Integrated optical Kerr combs (microcombs) have appeared as an interesting alternative. Microcombs have already been applied not only to filter RF signals^15,16,17 but also for various RF photonic processing, such as true-time delay beamforming²³, RF channelization²⁴, and analog computation²⁵. The large comb spacing of microcombs also enhances RF filters with broader Nyquist zone (spur-free range), lower latency¹⁵, and less dispersion-induced fading, as well as larger number counts of equivalent delay lines¹⁶, unparalleled by other approaches. However, so far all these microcomb-based RF filters have been implemented on either dark pulses^15,26 or complex soliton crystal states^16,17. Additional programmable pulse shaping modules are inevitably required to equalize or smooth the comb spectral shape. Thus, the system complexity is significantly increased while the potential for low-cost and high-volume applications is compromised. To date, harnessing the smooth sech² spectral envelope of single soliton^27,28,29 or other regulated dissipative Kerr soliton (DKS) states for photonic RF filtering is yet to be investigated.
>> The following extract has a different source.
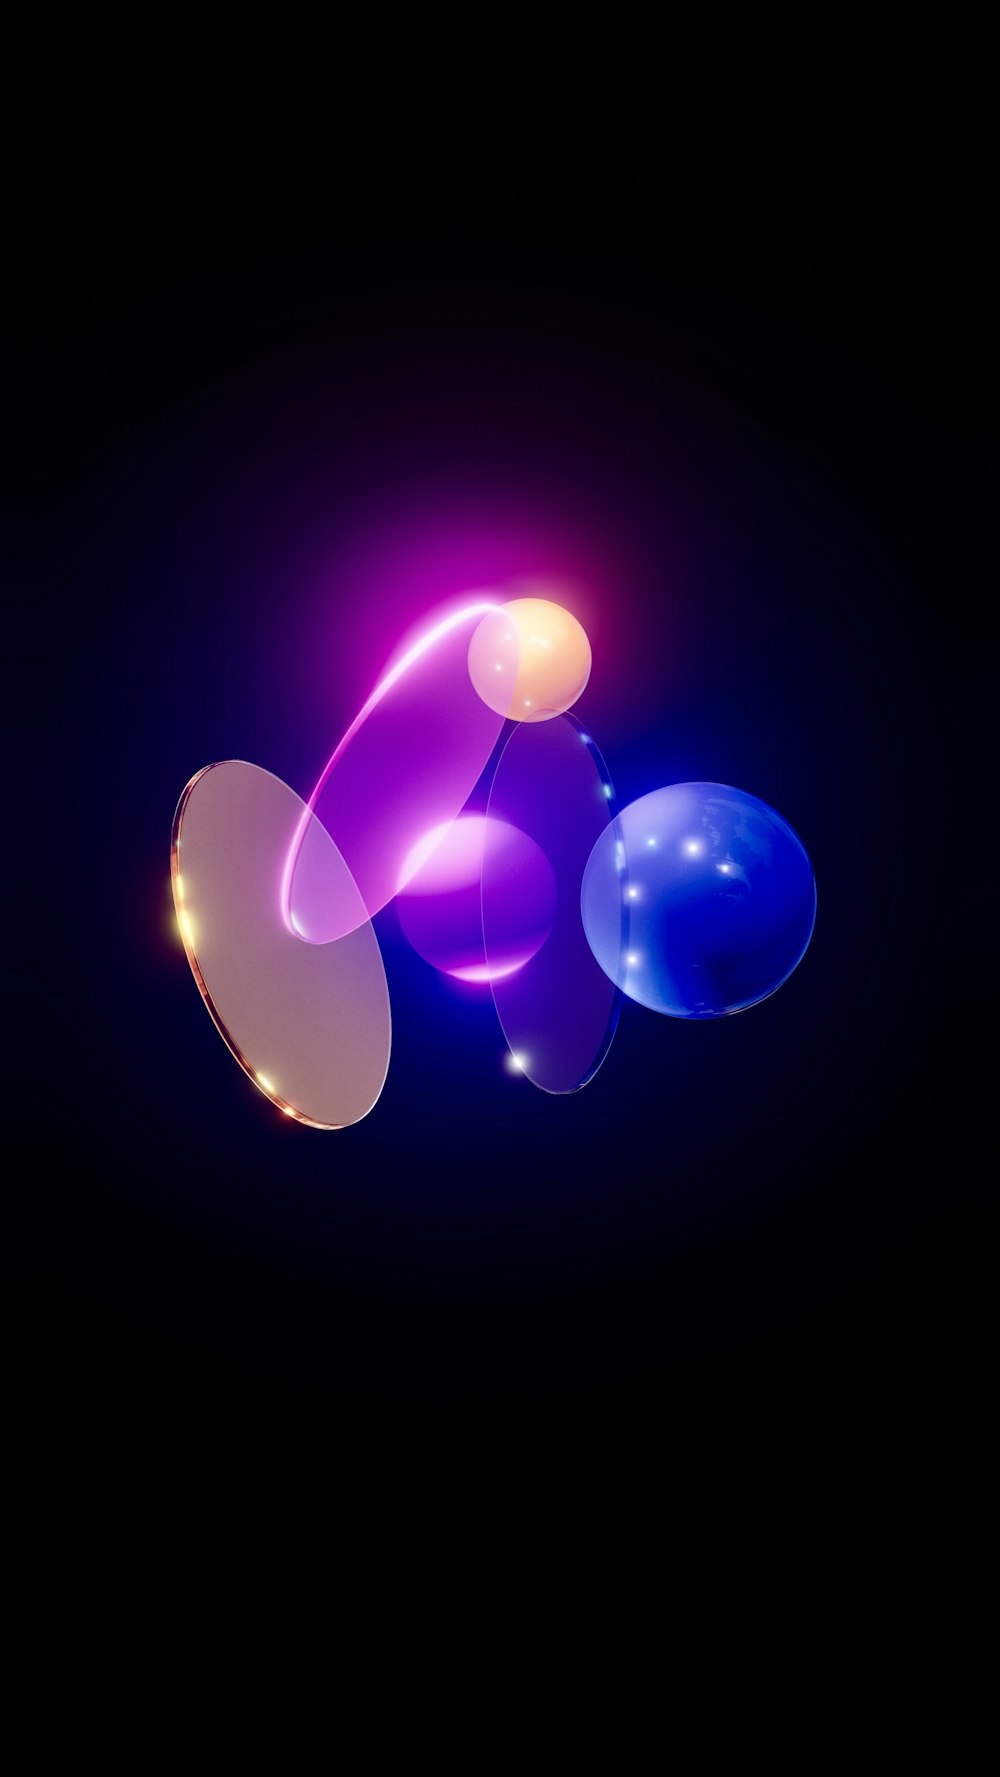 a black background with a purple and blue design

Because single-soliton microcombs have facilitated a myriad of applications, ranging from Tb/s coherent communication³⁰, ultrafast and long-distance ranging^31,32, dual-comb spectroscopy³³, and astronomical spectrometer calibration³⁴, to microwave synthesis³⁵, a great benefit for RF filtering can be expected.

In this paper, we demonstrate soliton microcomb-based RF photonic filters without any external pulse shaping. In addition, the synthesized RF filters can be all optically reconfigured through the internal versatile soliton states. Specifically, we trigger, in a deterministic fashion, the perfect soliton crystals (PSCs) to multiply the comb spacing^36,37, thereby dividing the RF passband frequencies. Moreover, we achieve filter reconfiguration based on versatile two-soliton microcombs (TSMs). The spectral interference of two solitons is functionally equivalent to an interferometric setup, shifting the filter passband frequency via modification of the angle between them. A proof-of-concept filter reconfiguration experiment is also shown using TSM-based RF filters. The internal exploitation of abundant and regulated soliton formats of microresonator effectively bypasses the need of another programmable pulse shaper and interferometric setup for RF filter tuning^15,16. Thus, the proposed scheme dramatically reduces the system complexity and form factor of microcomb-based RF filters, and are readily applicable to the current radar systems, 5G wireless, and satellite communications.

Results

Principle of soliton microcomb-based RF filters

 Figure 1a illustrates the conceptual setup for soliton microcomb-based RF filters. First, a telecom C-band continuous wave (CW) laser initiates microcomb generation, where each comb line serves as the RF filter tap. By modulating the RF signals from a vector network analyzer (VNA) on an electro-optic Mach–Zehnder modulator (MZM), the RF signals are broadcast to each microcomb mode. Then, the upconverted signals are propagated through a spool of single-mode fiber (SMF) to acquire incremental delay between filter taps. Finally, the signals are converted back to the RF domain in a fast photodetector (PD). The detailed experimental setup is described in the “Methods”. This arrangement exactly corresponds to a TDL filter, where the power of each comb line p_k is the tap weight, and the delay is determined by the comb spacing f_m and the accumulated dispersion ϕ₂ = −β₂L (the product of SMF second-order dispersion β₂ and fiber length L). When the filter tap weights take the sech² envelope of a single-soliton comb (case 1), the RF filter response is given as (see Supplementary Note 1):

$$H({f}_{{\rm{RF}}}) \sim \cos (2{\pi }^{2}{\phi }_{2}{f}_{{\rm{RF}}}^{2})\mathop{\sum }\limits_{n=-\infty }^{\infty }G({f}_{{\rm{RF}}}-n{f}_{{\rm{FSR}}}),$$

(1)

where f_FSR and G(f_RF) are, respectively, defined as 1/(2πϕ₂f_m) and \(2\frac{T}{{T}_{0}}\frac{{f}_{{\rm{RF}}}}{{f}_{{\rm{FSR}}}}\)sinh\({}^{-1}(\frac{T}{{T}_{0}}\frac{{f}_{{\rm{RF}}}}{{f}_{{\rm{FSR}}}})\), with T = 1/f_m the repetition period, and T₀ the soliton pulse width. f_RF denotes the RF frequency. Note that higher-order dispersion of SMF is neglected here to give a more intuitive picture. The overall RF filter response can be seen as a periodic function of lineshape G(f_RF) with RF free spectral range (FSR) of f_FSR, modulated by an envelope due to the double-sideband (DSB) modulation scheme being used. As the tap weights are all positive, the passband frequencies of the RF filters are at every multiple of f_FSR, including a DC response. Throughout this article, we focus on the first passband.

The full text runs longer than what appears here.